### [Given data]

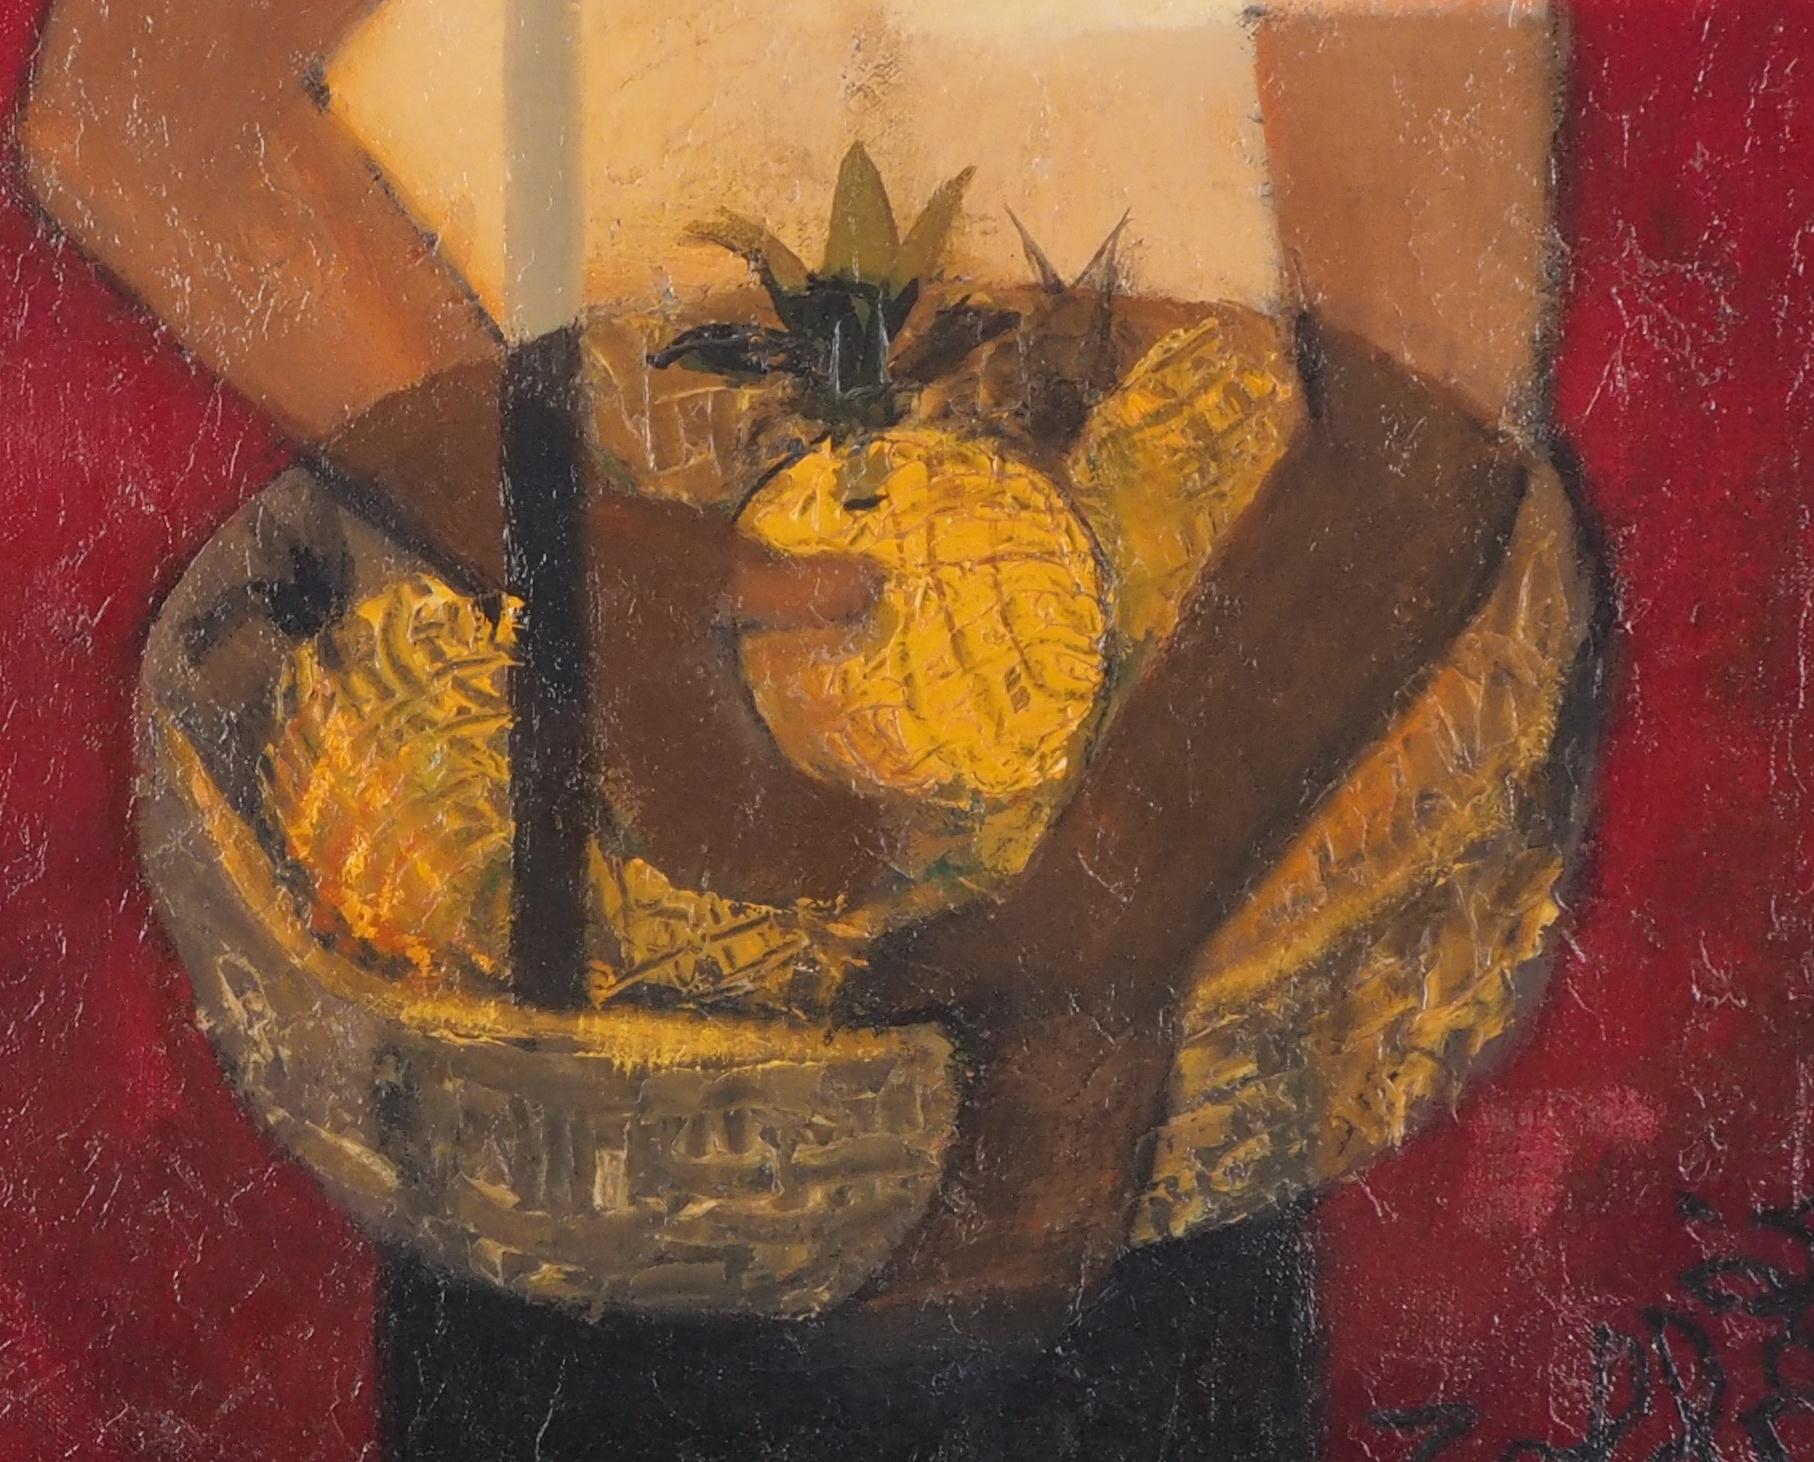 Louis Toffoli (1907-1999)
Brazil : Man with Pineapple

Original oil painting
Signed bottom right
On canvas 55 x 38 cm (c. 22 x 15 inch)
Presented in a golden wood frame 70 x 51 cm (c. 28 x 20 inch) 
Titled on the back

Excellent condition, light

### [The task]
From the line with "Presented in a" through the final line of the records, return each line exactly. Leave out the rest.

### [Solution to this problem]
Presented in a golden wood frame 70 x 51 cm (c. 28 x 20 inch) 
Titled on the back

Excellent condition, light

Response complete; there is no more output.